Key differences between DAOs and Companies

Key differences between DAOs and Companies


7 min read

What is a DAO?

Before we even dive into DAOs, first, we need to understand what a DAO is. The first part of my two-part post will cover what a DAO is and how it compares to a company.

DAO stands for Decentralised Autonomous Organisation.

A DAO focuses on a mission that coordinates with a specific set of rules enforced through the blockchain using smart contracts. A DAO aims to act as a different type of company. It is not here to replace companies but provide another option to users.

DAOs have officially been here since 2016 when the first DAO was called ‘The DAO’. Some would argue that Ethereum is technically a DAO, but that is an argument for another day.🥱

doll Elmo

DAOs went unused for a while due to The DAO hack. Since then, people have seen the power of DAOs, and over time it has become easier to create DAOs and keep them safe. Someone could make a DAO in four steps with minimal money. The critical component is having a solid and committed community.

In this post, we will highlight some of the following key differences between DAOs and companies:

  • Hierarchy
  • Transparency
  • Governance
  • Global
  • Payment

The sequel to this post will detail the history of DAOs and break down specific use-cases of DAOs.

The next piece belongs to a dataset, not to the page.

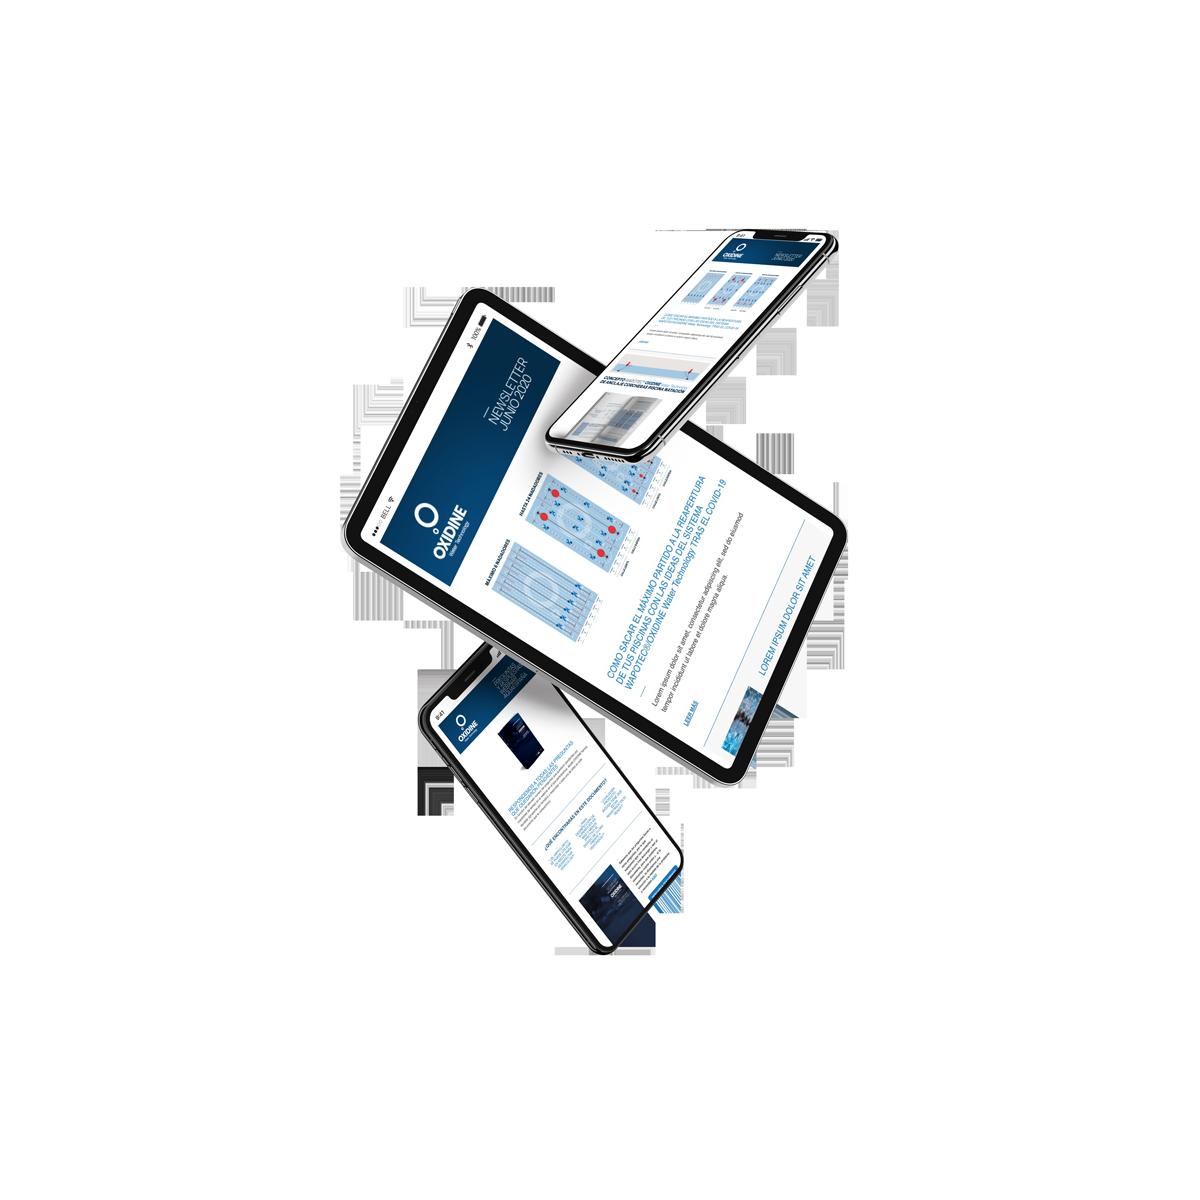 CTA-NEWSLETTER-WEB-SOLID-Oº-MOCKUPS-X3-SQUARE-TRANS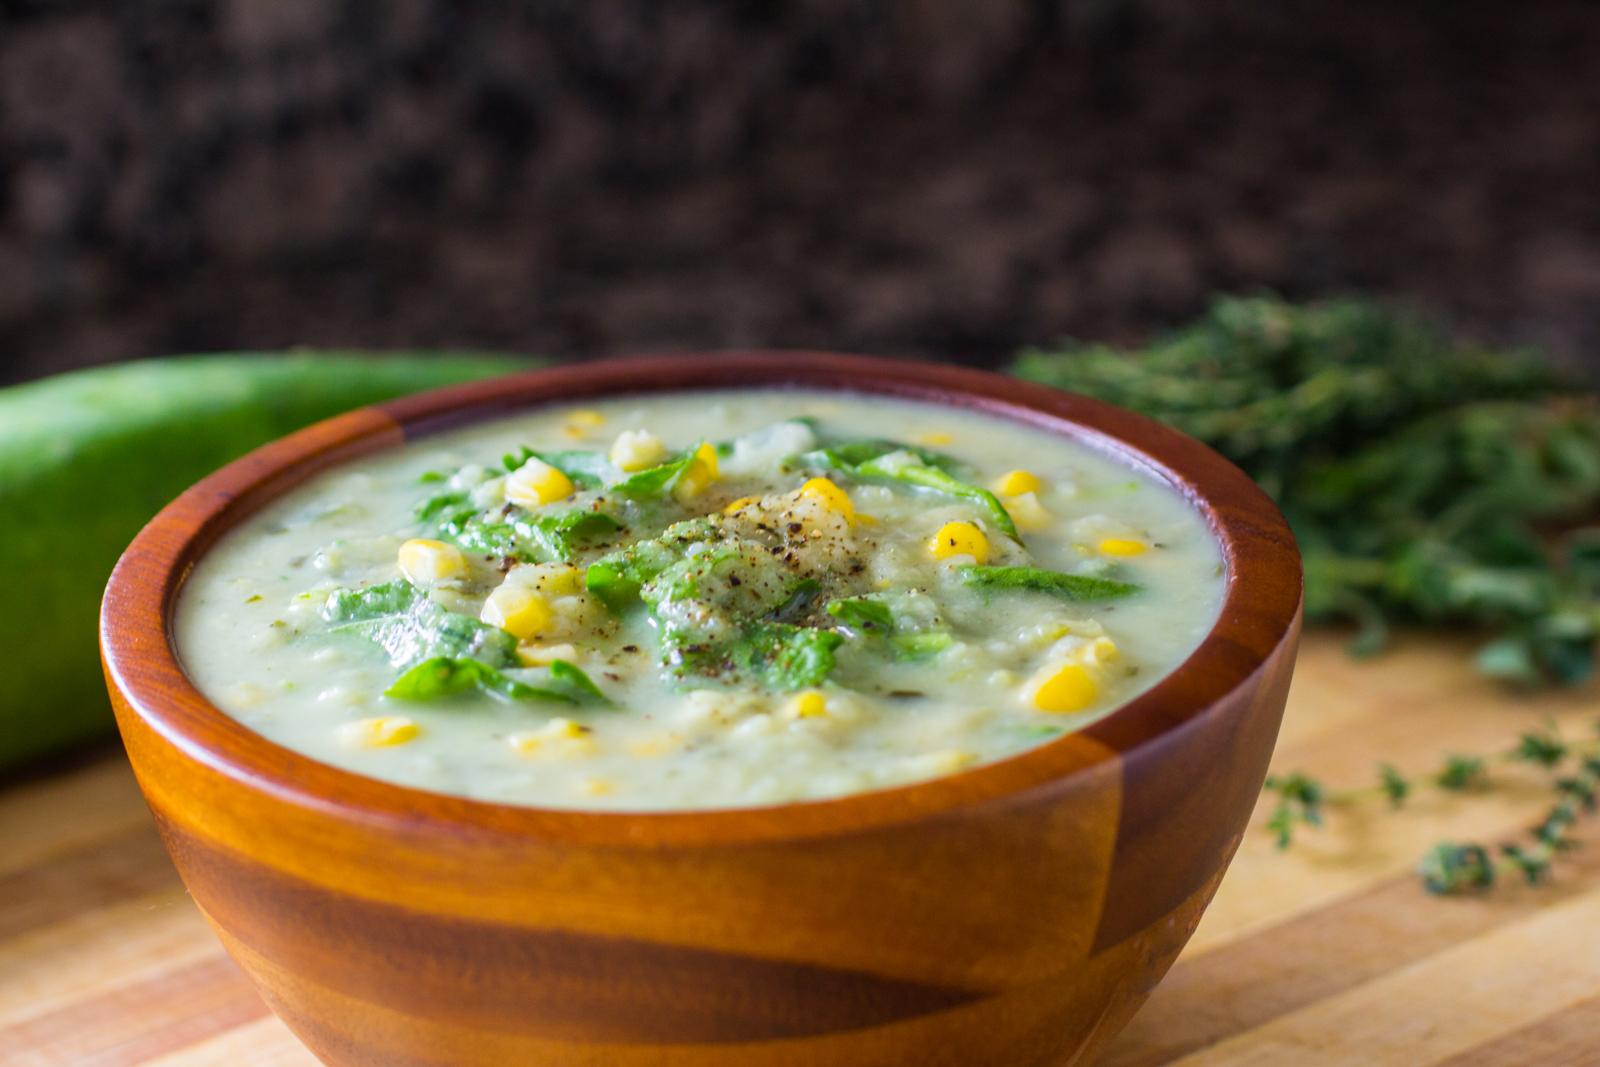 Creamy Zucchini and Corn Soup Recipe [video]

Key differences between DAOs and companies.

No hierarchy in DAOs

Companies have a hierarchy involved. There is always a CEO, managers, employees etc. It works like a pyramid, but there is a consistent leader. People will always answer someone else, and the final decision rests on the top dog.

This is much different in DAOs, as there is no hierarchy. No one has the final say on what passes because everyone is treated the same and has an equal vote. This concept means that the proposal that benefits the most people will ideally get passed, rather than the ones that benefit the rich or the least.

People are ideally rewarded for their contributions rather than their titles. Anyone can contribute to a DAO and work their way up the ‘rank’ of respect. Those who contribute meaningfully will be recognised by their community and become respected, but they do not become a ‘leader’ or such.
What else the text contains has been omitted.